There are three ways of visualizing recent build results:
The Web interface for each branch at https://www.python.org/dev/buildbot/, where the so-called "waterfall" view presents a vertical rundown of recent builds for each builder. When interested in one build, you'll have to click on it to know which changesets it corresponds to. Note that the buildbot web pages are often slow to load, be patient.
The command-line
bbreport.py
client, which you can get from https://code.google.com/archive/p/bbreport. Installing it is trivial: just add the directory containingbbreport.py
to your system path so that you can run it from any filesystem location. For example, if you want to display the latest build results on the development ("main") branch, type:bbreport.py -q 3.x
The buildbot "console" interface at https://buildbot.python.org/all/ This works best on a wide, high resolution monitor. Clicking on the colored circles will allow you to open a new page containing whatever information about that particular build is of interest to you. You can also access builder information by clicking on the builder status bubbles in the top line.
If you like IRC, having an IRC client open to the #python-dev-notifs channel on irc.libera.chat is useful. Any time a builder changes state (last build passed and this one didn't, or vice versa), a message is posted to the channel. Keeping an eye on the channel after pushing a changeset is a simple way to get notified that there is something you should look in to.
Some buildbots are much faster than others. Over time, you will learn which ones produce the quickest results after a build, and which ones take the longest time.
Also, when several changesets are pushed in a quick succession in the same branch, it often happens that a single build is scheduled for all these changesets.
A subset of the buildbots are marked "stable". They are taken into account when making a new release. The rule is that all stable builders must be free of persistent failures when the release is cut. It is absolutely vital that core developers fix any issue they introduce on the stable buildbots, as soon as possible.
This does not mean that other builders' test results can be taken lightly, either. Some of them are known for having platform-specific issues that prevent some tests from succeeding (or even terminating at all), but introducing additional failures should generally not be an option.
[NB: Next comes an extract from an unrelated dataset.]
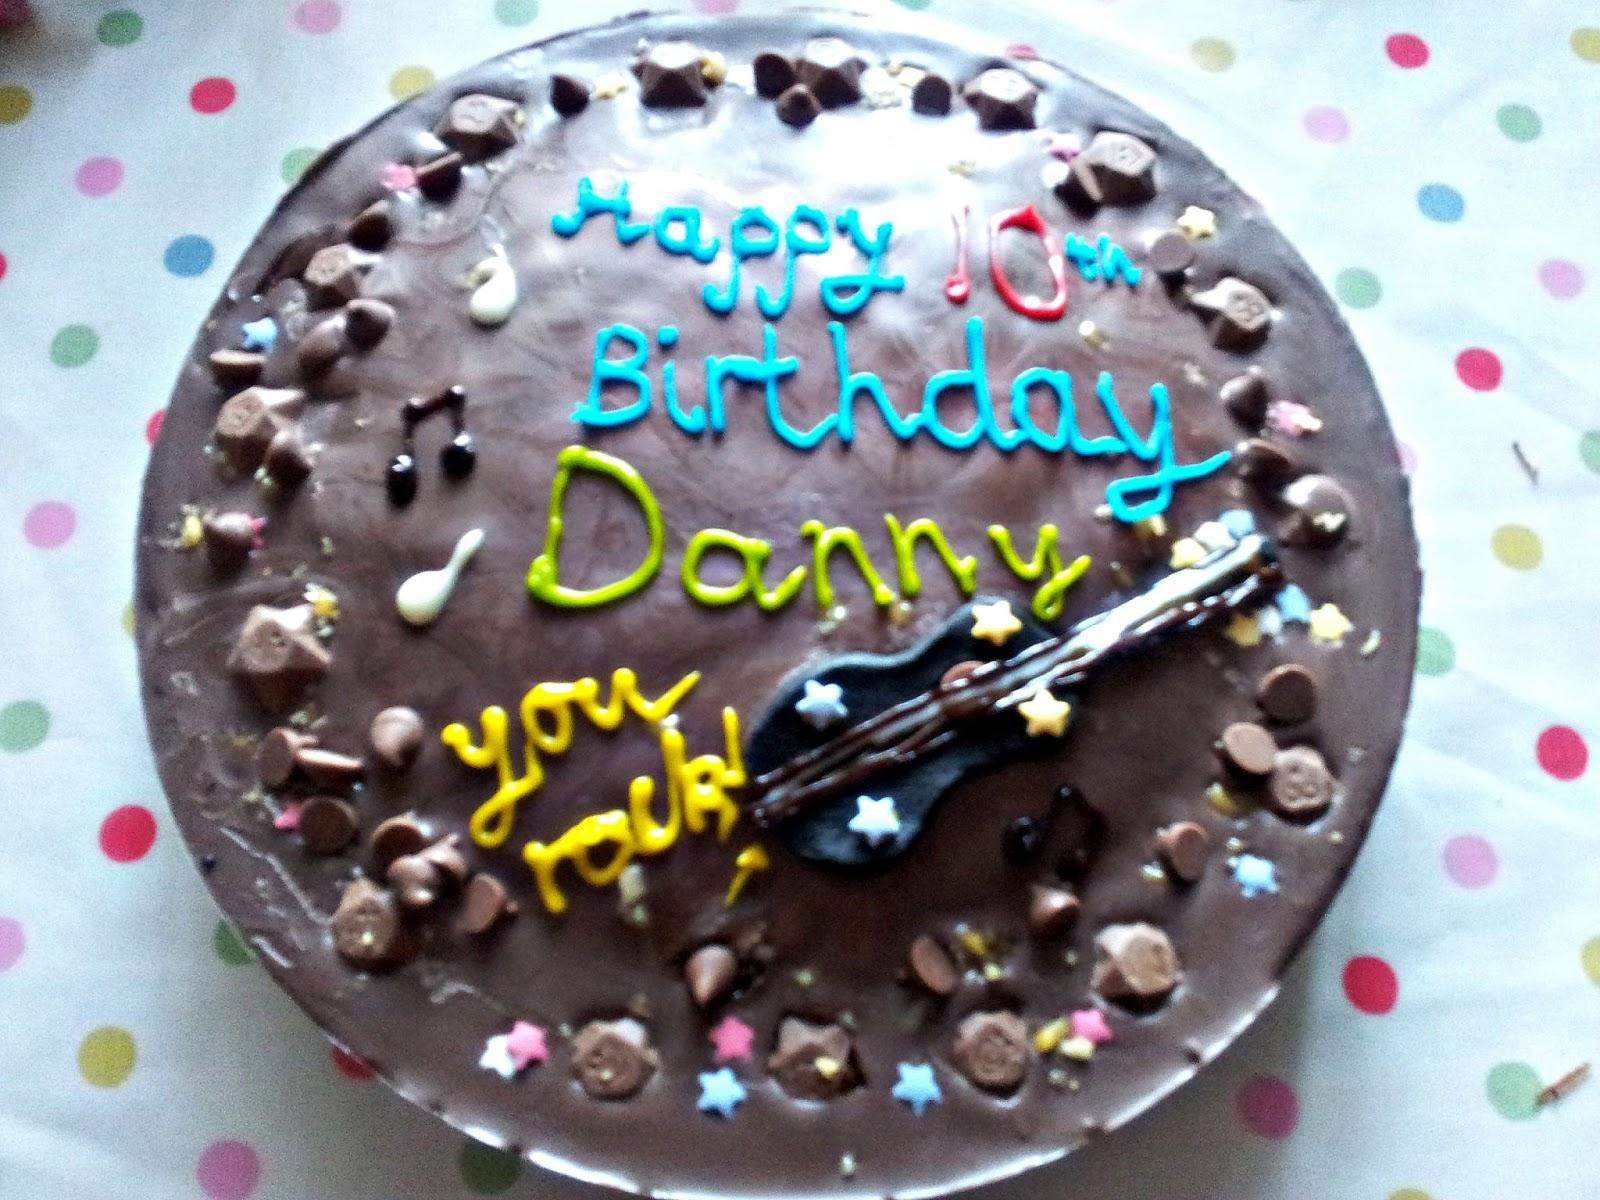 Danny S Birthday Cake Creative Baking With Kids Cbias
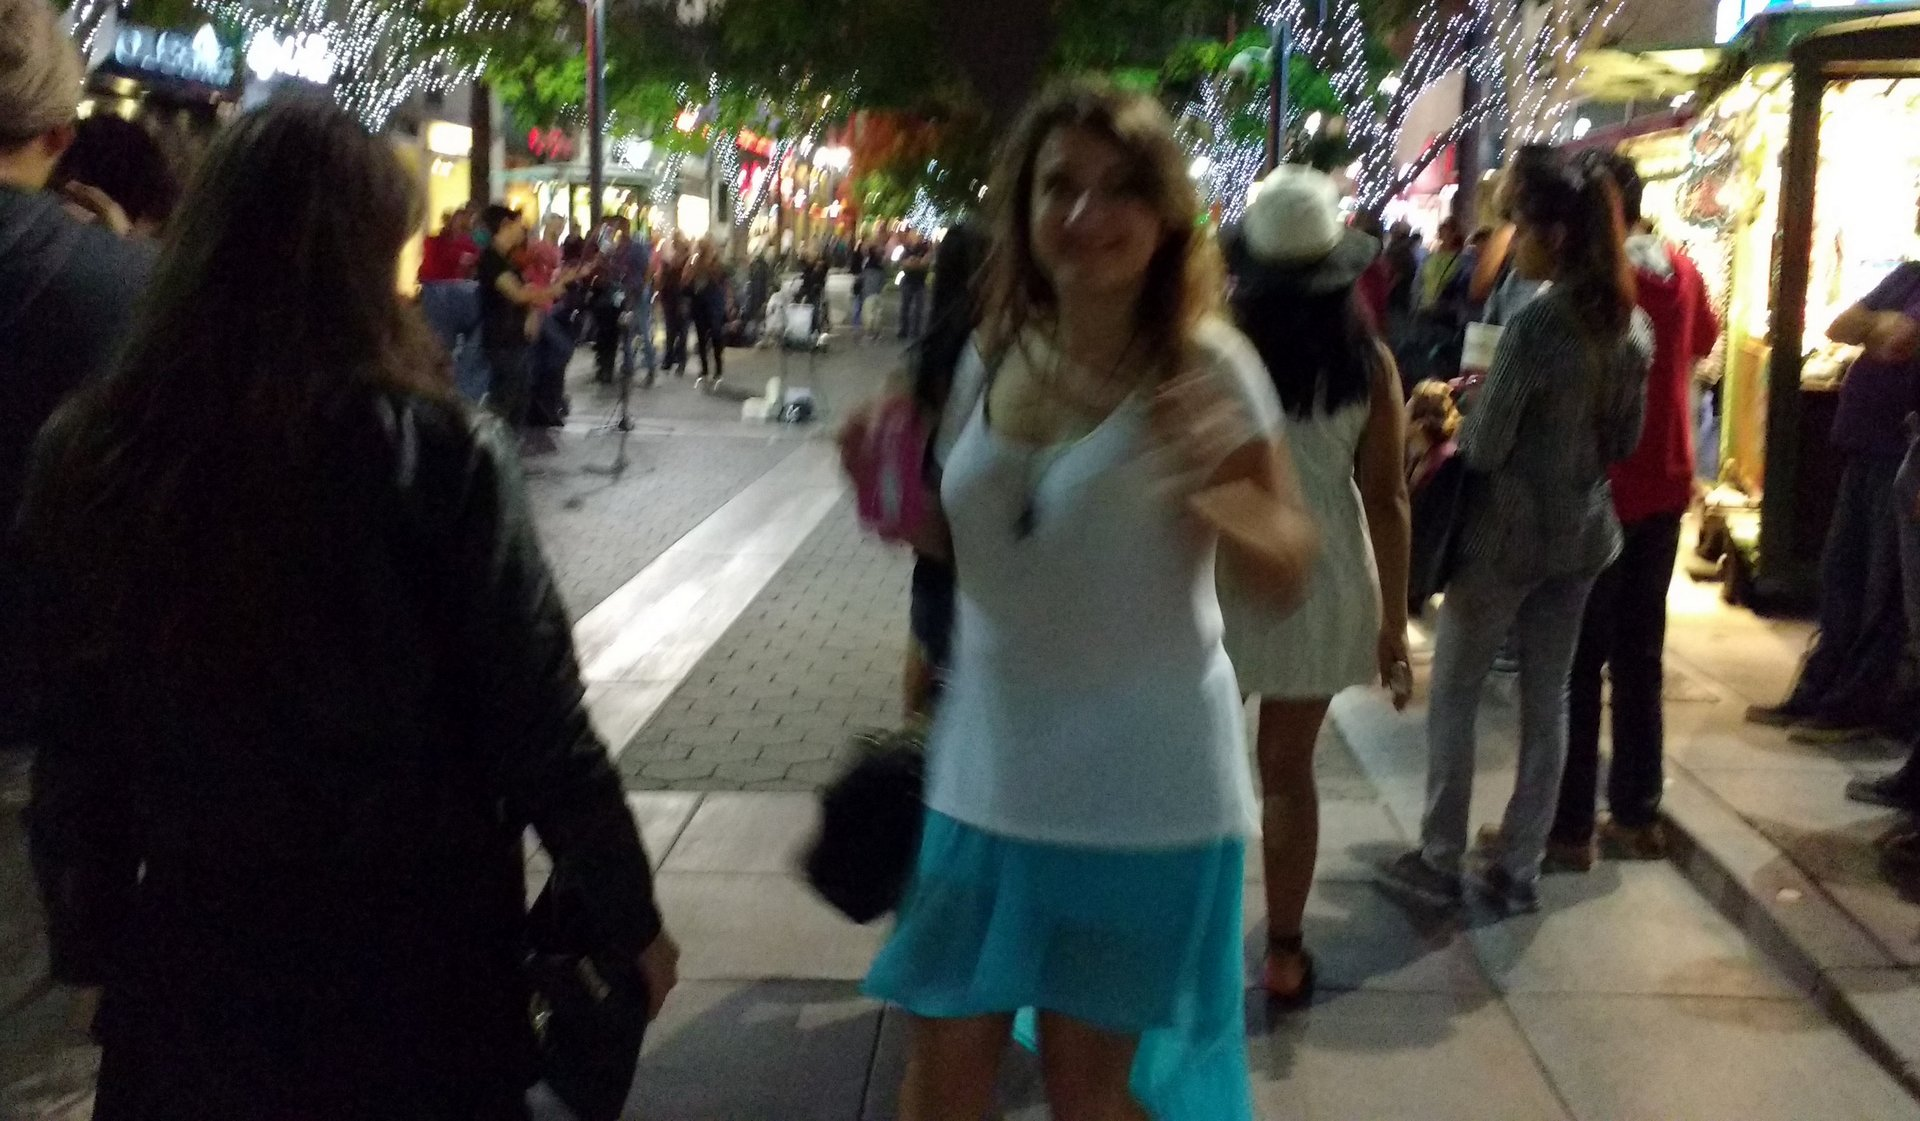 Elena dancing in the street at the 3rd Street Promenade in Santa Monica, CA

Sometimes, while you have run the :doc:`whole test suite <runtests>` before committing, you may witness unexpected failures on the buildbots. One source of such discrepancies is if different flags have been passed to the test runner or to Python itself. To reproduce, make sure you use the same flags as the buildbots: they can be found out simply by clicking the stdio link for the failing build's tests. For example:
./python.exe -Wd -E -bb ./Lib/test/regrtest.py -uall -rwW
Note
Running Lib/test/regrtest.py
is exactly equivalent to running
-m test
.
Sometimes the failure is even subtler, as it relies on the order in which
the tests are run. The buildbots randomize test order (by using the -r
option to the test runner) to maximize the probability that potential
interferences between library modules are exercised; the downside is that it
can make for seemingly sporadic failures.
The --randseed
option makes it easy to reproduce the exact randomization
used in a given build. Again, open the stdio
link for the failing test
run, and check the beginning of the test output proper.
Let's assume, for the sake of example, that the output starts with:
./python -Wd -E -bb Lib/test/regrtest.py -uall -rwW
== CPython 3.3a0 (default:22ae2b002865, Mar 30 2011, 13:58:40) [GCC 4.4.5]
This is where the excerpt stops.